Equally abstract is the rise of cryptocurrency. Visa uses it now to settle payments in USDC stablecoin on the Ethereum blockchain. Make no mistake: cryptocurrency has no inherent value. Like the fictional Matrix, it is nothing more than a string of numbers and letters, signifying nothing.
Unlike banks, crypto is decentralized, spread out over thousands of computers across the globe. Like paper money (which also has no inherent value, other than what we collectively agree to), crypto is a social contract. Pax G or Paxos is a digital token backed by physical gold parked in a London vault, but does gold have any inherent value? Gold is a shiny rock, no different than the 24 dollars’ worth of shells and trinkets the indigenous inhabitants of Manhattan once accepted in exchange for their land.
Things have value when we decide they have value. It’s why teachers are digging into their own pockets to pay for school supplies and athletes playing children’s games with balls are paid millions. We value the athlete. The teacher? Not so much.
Wild to think about, isn’t it? We have no choice in life—zero—except to obtain money, which we need in order to feed and clothe ourselves, and yet money has no intrinsic value. Is this a life well lived—or a life at all?
I could make a similar argument about religion, but I’ll let you parse through that yourself. The material question, of course: does God exist? If so, he must be quite the prankster.

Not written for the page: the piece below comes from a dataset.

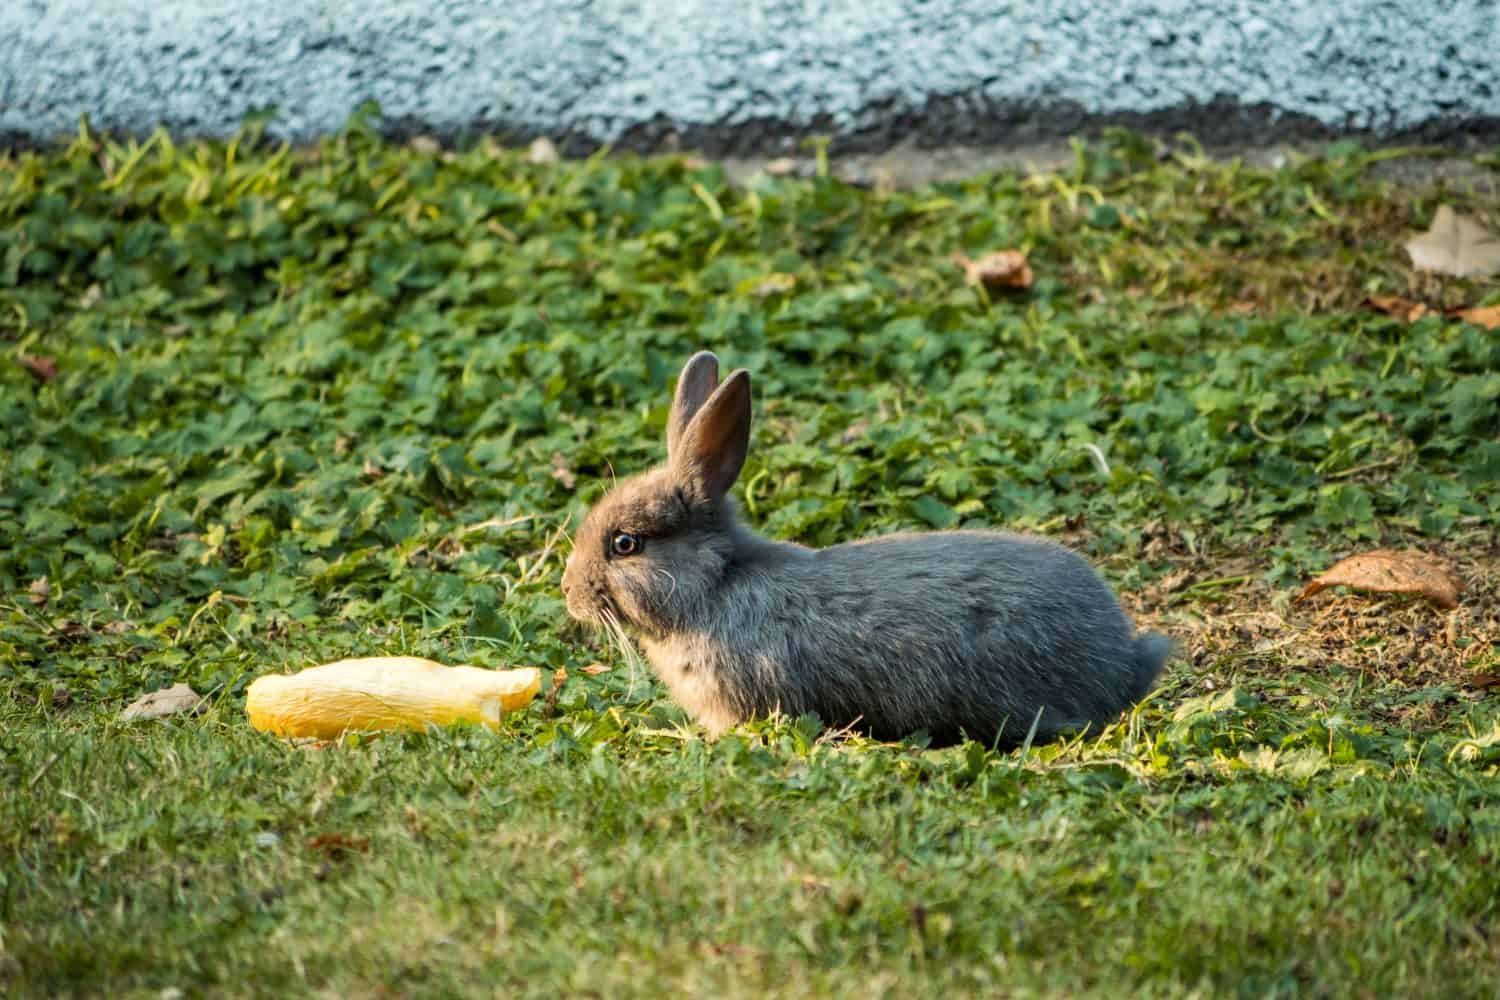 tiny bunny eating a slice of zucchini on the grass under the setting sun light

It’s safe to say we are post-reality. We are, in fact, creating our own realities curating images of ourselves on social media that are themselves a digitally manipulated distortion of the truth. In a world where numbers and letters are money and Robert Nava is an auction-worthy artist, you know you’re already down the rabbit hole.
We live in a torrent of data, of CCTV cameras and smartphones, and yet now more than ever, we can’t agree on the truth. What happens to a society that doesn’t share a consensual reality? Do we become more deeply cynical and nihilistic? Yes, it’s likely. And a nihilistic society does what you would expect it to, which is annihilate.
It’s anyone’s guess what will happen until then. Perhaps the one thing we can agree on is that the Internet has undermined the shared sense of reality that underpins our society. What the outcomes will be, nobody knows.
I usually cap off my Cappuccinos with a call to action or some bromide meant to make us all feel better. In this instance, I have none. Because if we can’t agree on simple truths like climate change, vaccinations, or what happened on January 6, 2021, it might just be time to build that bunker, stock it, and solder the door.
All I know for sure is that things are going to have to get worse before they get better. Pain is the only way we humans ever change.
More than ever, I would love to hear your thoughts on this subject. Leave the in the comments section below.
I agree, its disconcerting, like the entire world gone mad. And I don't think it's going to end well either.
Jesus ... why is the rum always gone? (Oh! THAT's why ... )
My finger paintings as an 8 yo had more artistic value than that Nava twaddle. (My parents actually framed one -- a desert scene with cactus -- and hung it on the wall.) I can scarcely imagine how Dewey or Bentley would react to such drivel. In chap 2 Dewey comments, "the *idea* of art -- the greatest intellectual achievement in the history of humanity," only to see it reduced to this Nava abomination. On the other hand, when art becomes so completely divorced from life as it has in out age (infinitely more so than in Dewey's time, and it is the thing he railed against the most) then I suppose something like Nava becomes the unsurprising, even necessary result.
On the other hand, I almost blew my tea through my nose when I realized what was wrong with the guy leaning against the rail.